Já o capitão Dault, com o regime militar no país, ficou marcado e foi demitido do quadro de oficiais da Força Aérea Brasileira (FAB). E desde então, a sua mulher, Dóris, passou a receber uma “pensão de viúva” como se morto fosse. Em sequência, os militares cassaram a sua licença técnica de piloto e o proibiram de exercer a profissão. Os tribunais e juntas militares também cassaram as suas medalhas e condecorações. Daudt foi preso, torturado, perdeu o seu patrimônio e foi obrigado a partir para o Uruguai, onde ambas nossas famílias se uniram para sempre.

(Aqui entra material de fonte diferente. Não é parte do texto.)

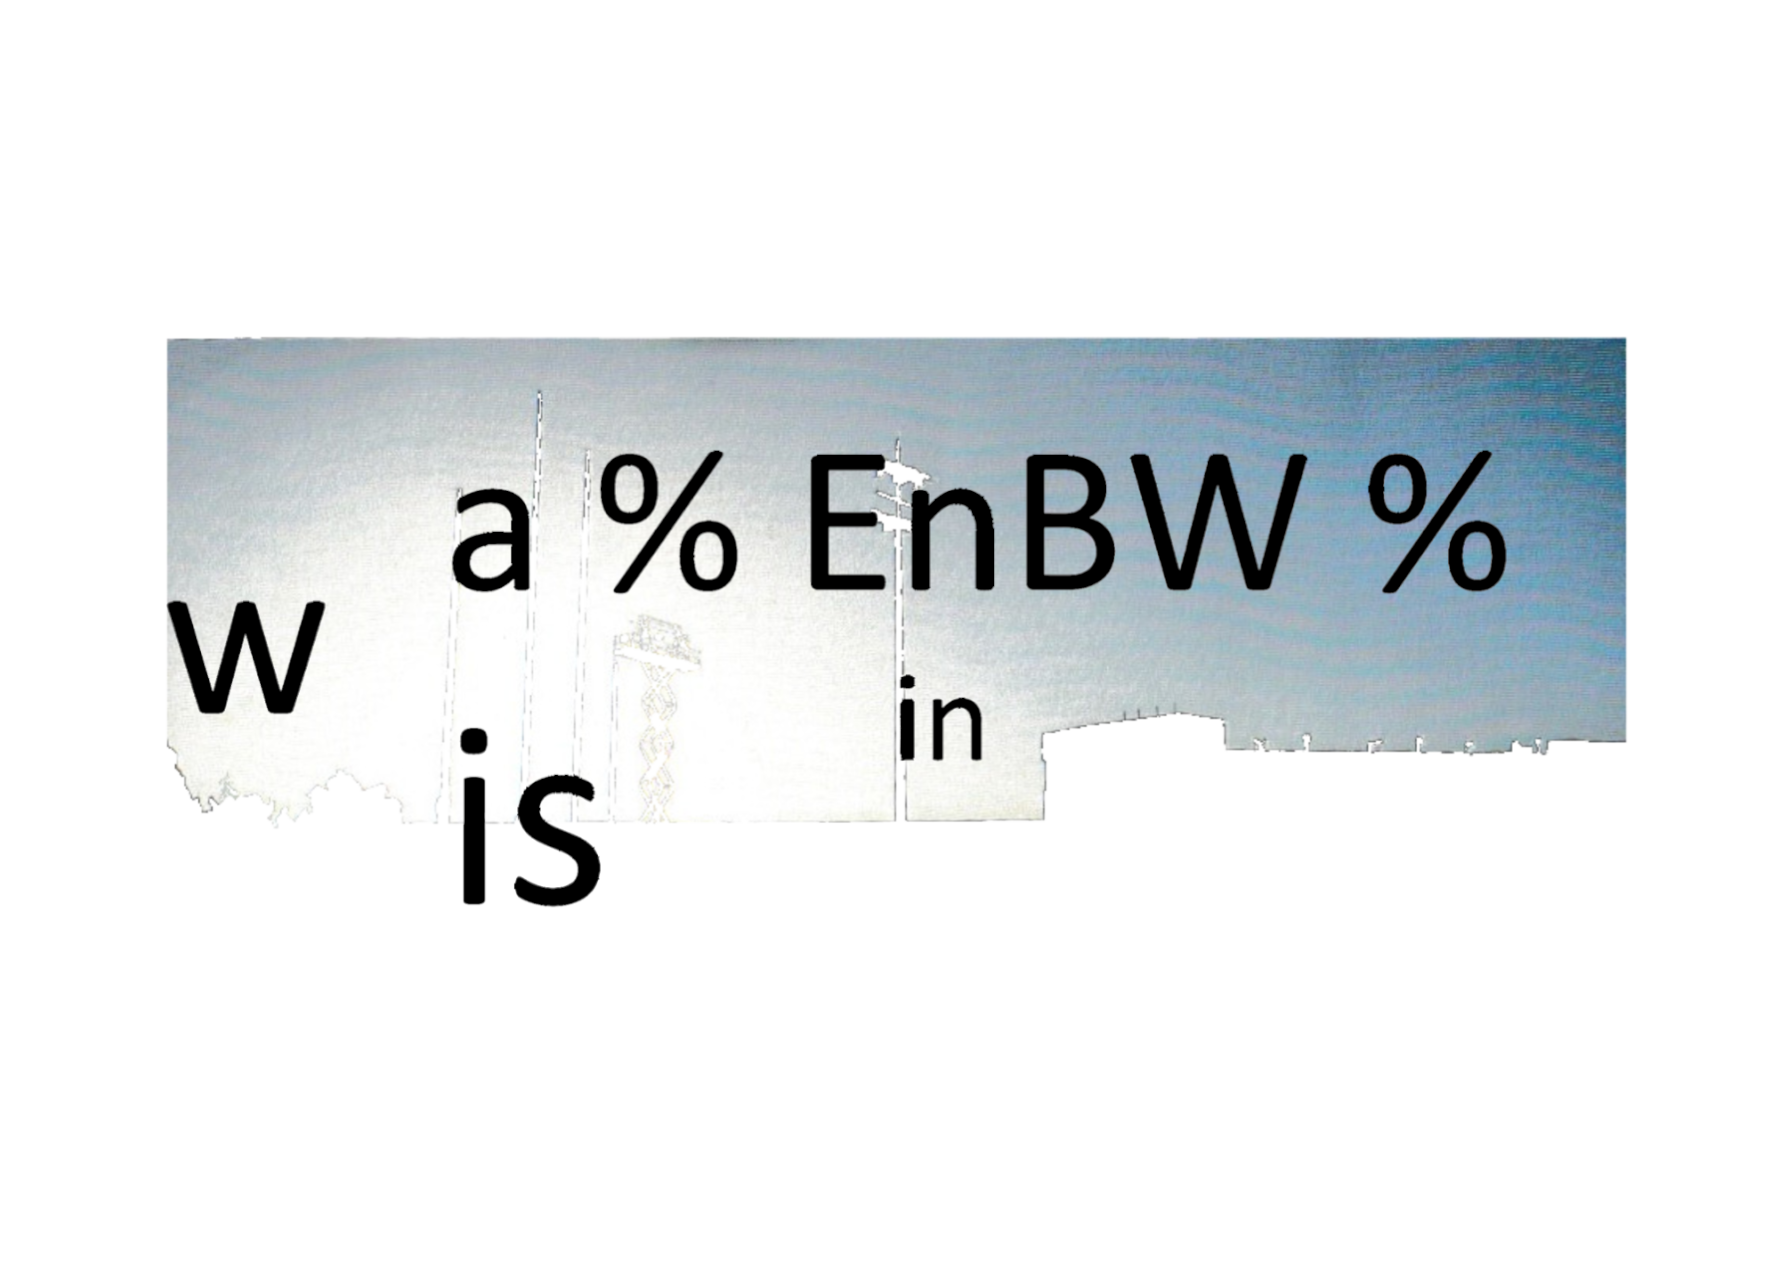 w a % EnBW % is in

E se não tivesse tido o golpe?
Passando as folhas desse misto de livro de História e álbum de família, sinto que hoje vivemos em um Estado Democrático de Direito, temos uma das Cartas Constitucionais mais belas do mundo, eleições livres e diretas para o Executivo e o Legislativo e uma democracia em permanente processo de construção e fortalecimento, embora, vez ou outra, ameaçada. Vale a pena lutar.
Juliana Brizola é advogada, mestre em Ciências Criminais, vice-presidente da Internacional Socialista da América Latina e Caribe, Secretária de Relações Internacionais do PDT, ex-vereadora e ex-deputada estadual (PDT-RS), de Porto Alegre, RS. Autora do livro “Meu Avô Leonel – Frases de Leonel Brizola” (com a jornalista Rejane Guerra).